Noise, Contradiction, Choice and Christmas

If you follow this blog, you are probably one of those people who have a hard time dealing with noise. You probably don’t like loud noises, you probably don’t like loud gatherings, and you probably don’t like restaurants where there is loud music and too many voices. And the idea of living near an airport drives you crazy. (You may also have some form of hyper-sensitive hearing, which makes the items listed above even more upsetting.)

But – do you ever choose to be exposed to noise? Do you ever have loud music playing, even though, if you had NOT chosen it, that same loud music would bother you? Herein lies the contradiction that exists for many of us who say we don’t like noise.

Let me give you an example. The other day I had to go to my dentist to start the process of getting a crown on one of my old, decrepit molars. If you have a crown, you will know that this process requires a lot of drilling and grinding. And that drill is loud. And it reverberates inside your head, so many of my dentist’s patients bring headphones and music to block out the sound.


And if you know me, you would probably assume that I would do the same, that I would not want to hear that noise. But I don’t. I choose to listen to the sound, to the noise of the drill booming in my head. Why do I do this to myself, when I could have motets or jazz playing in my ears while the grinding is done? It is because in this instance, I want to know what is going on, to experience the process. I don’t want to pretend my dentist is not grinding down that molar. (Even if you did wear headphones, you would still smell the burning of protein in your mouth and you would know something was going on in there.) I want to have that ‘real’ experience, that visceral knowing that someone is doing something to me, something I have chosen to have done to me.

This is also the reason I don’t use headphones to listen to music when I am out walking. Even though the noise of traffic, etc. bothers me, I don’t want to dislocate myself from my environment by listening to music. Again, I want the physical experience of where I am.

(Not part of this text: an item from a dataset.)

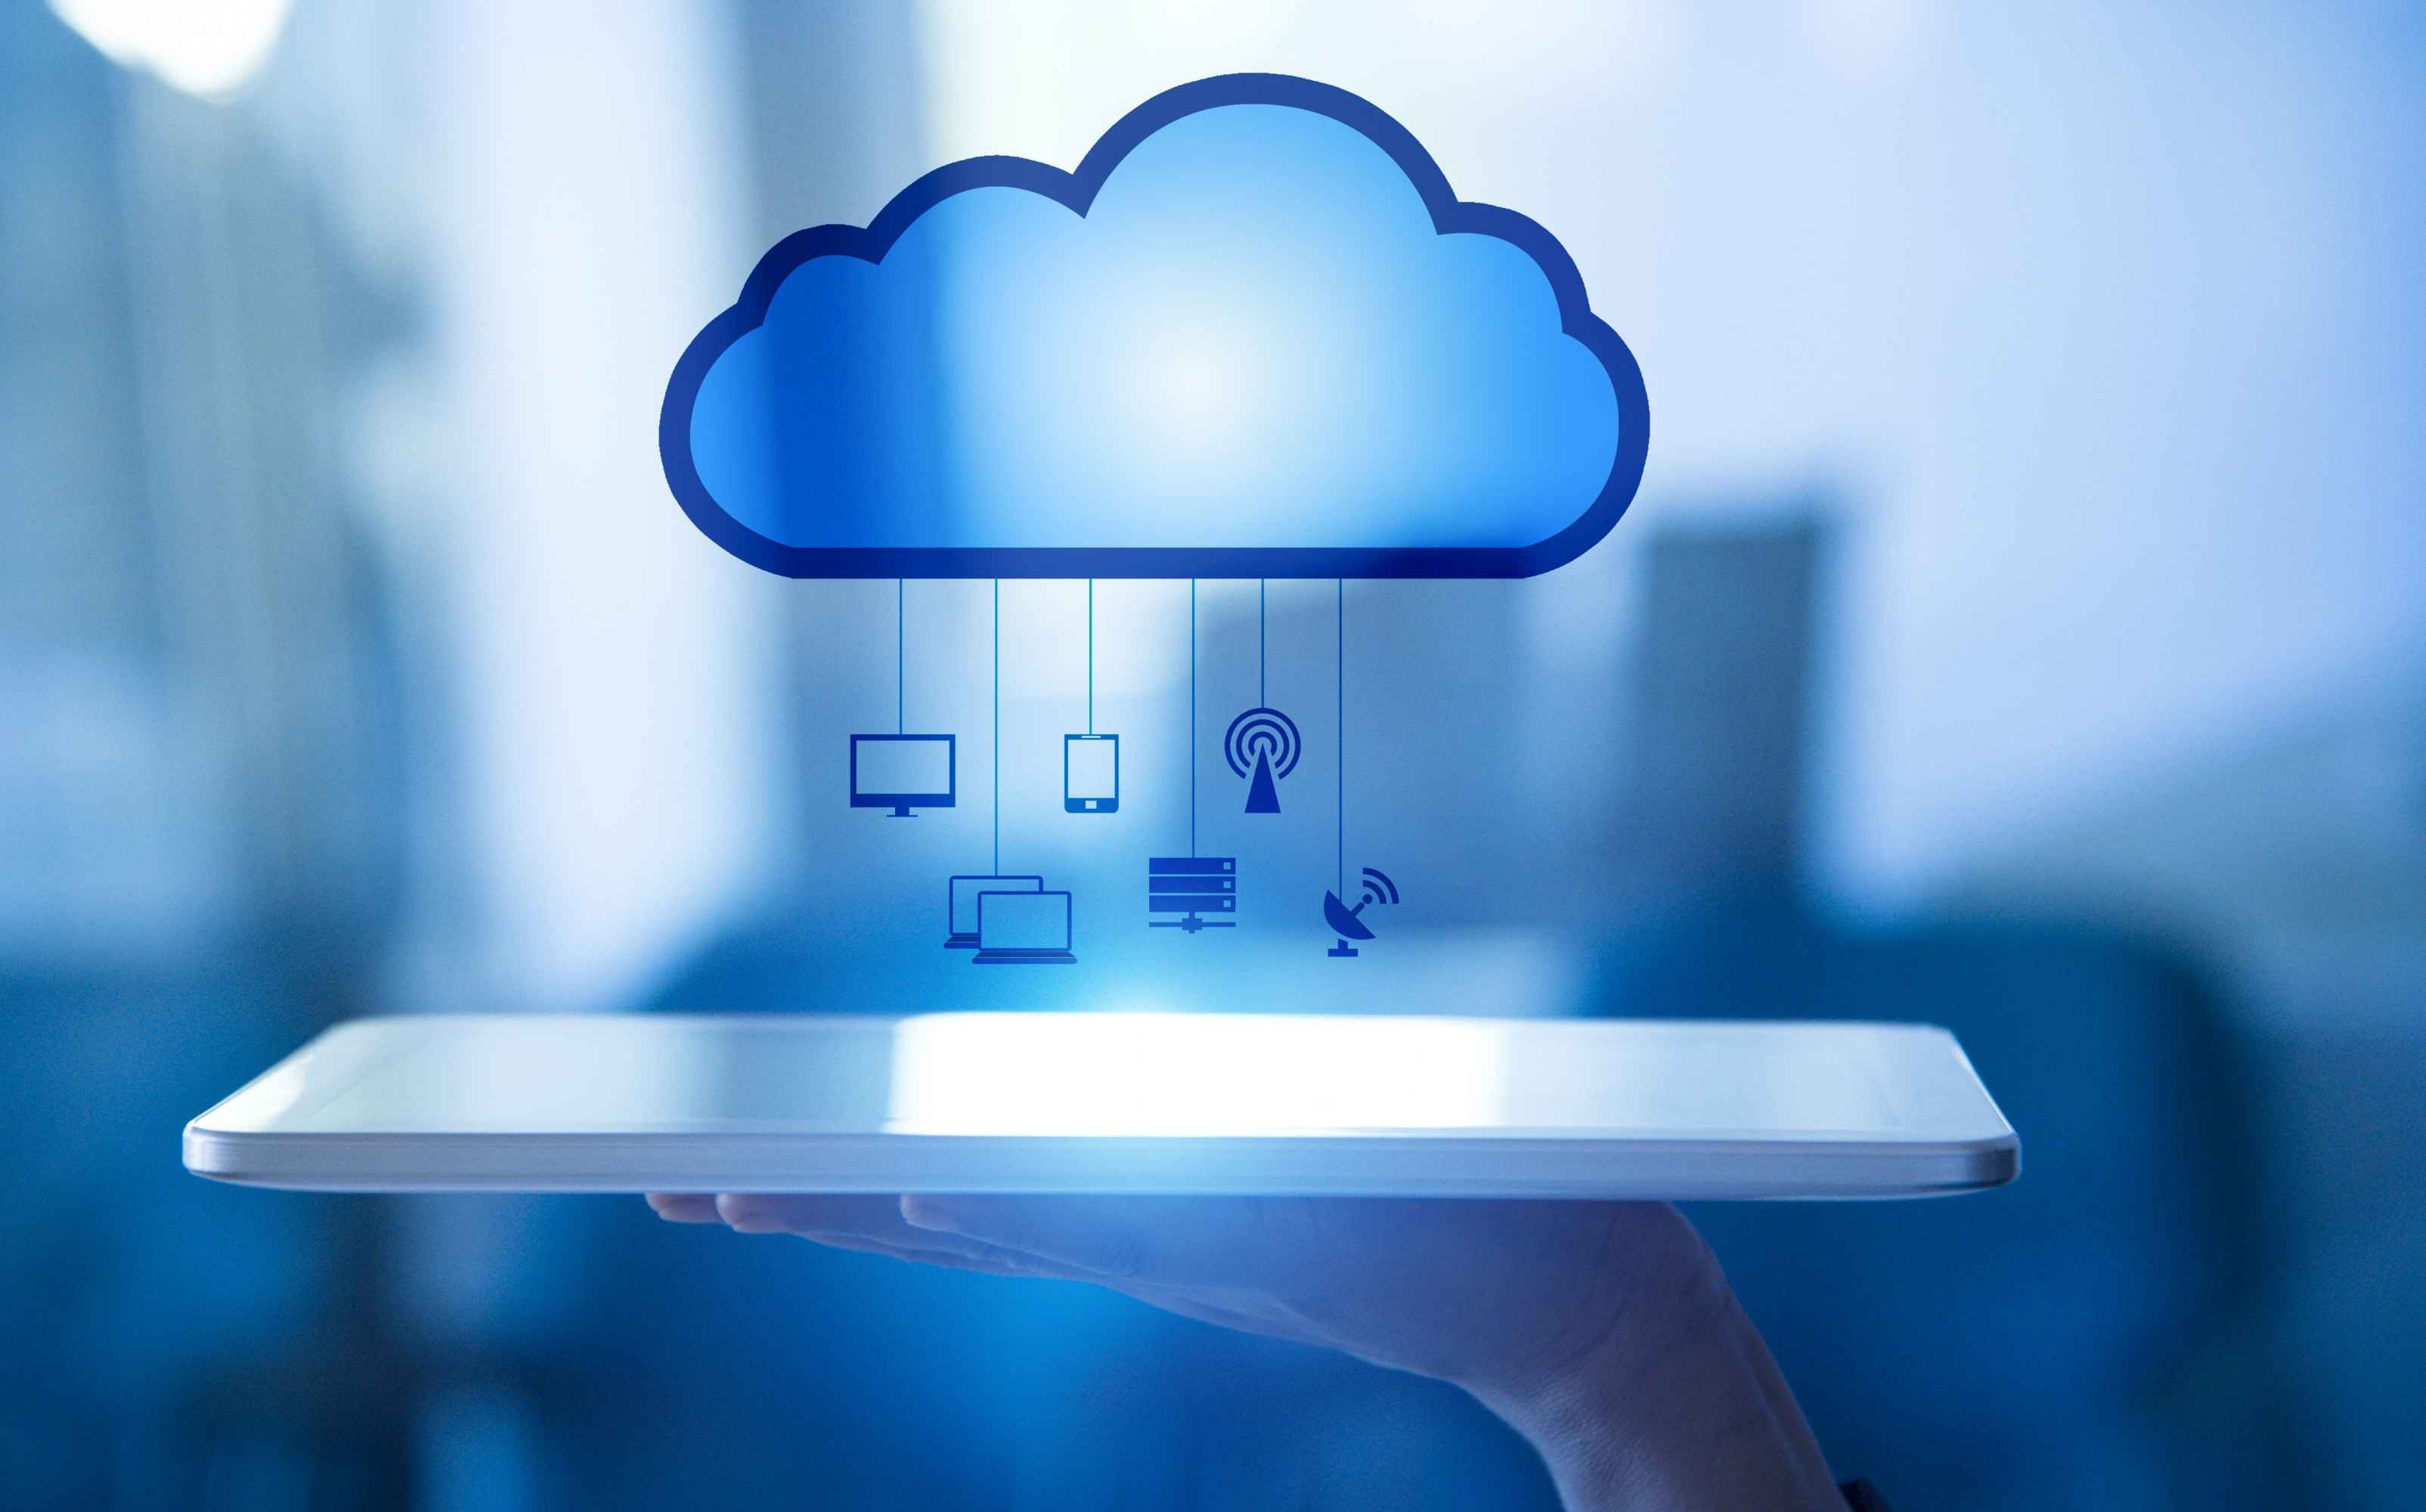 Gestão de arquivos e usuários em nuvem é vital para as empresas

And there is the key to this whole issue of ‘noise’ – the matter of choice. I choose to play loud music in my car. I choose to play music I like as loud as I like in my headphones. I choose to play my bass loudly, if I feel like it. (I actually like the sound and feel of old gas lawnmowers, if I am the one doing the mowing – though I now wear ear protection when I do it.)

I have a bad response to sound when I have not chosen it. It is then that I label that sound as “noise”, as annoying, as painful, as unwanted. And I suspect that that is what happens for most of us who are bothered by noise.

And now, of course, it is the Christmas season, which means stores and streets and malls are playing Christmas music non-stop for at least another couple of weeks. Does that bother you? Of course it does, even if you like Christmas music. Did you choose to hear it today in the grocery store? I doubt it. Did it bug you? I bet it did. Did you get grumpy about it? Let me guess. (To help you deal with the Christmas music problem, here is a NC post from 2013. )

This is the last posting for the Noise Curmudgeon for 2015. Have a quiet, peaceful, lovely holiday season. Hopefully someone will give you a new set of good earplugs, and you will all set for 2016.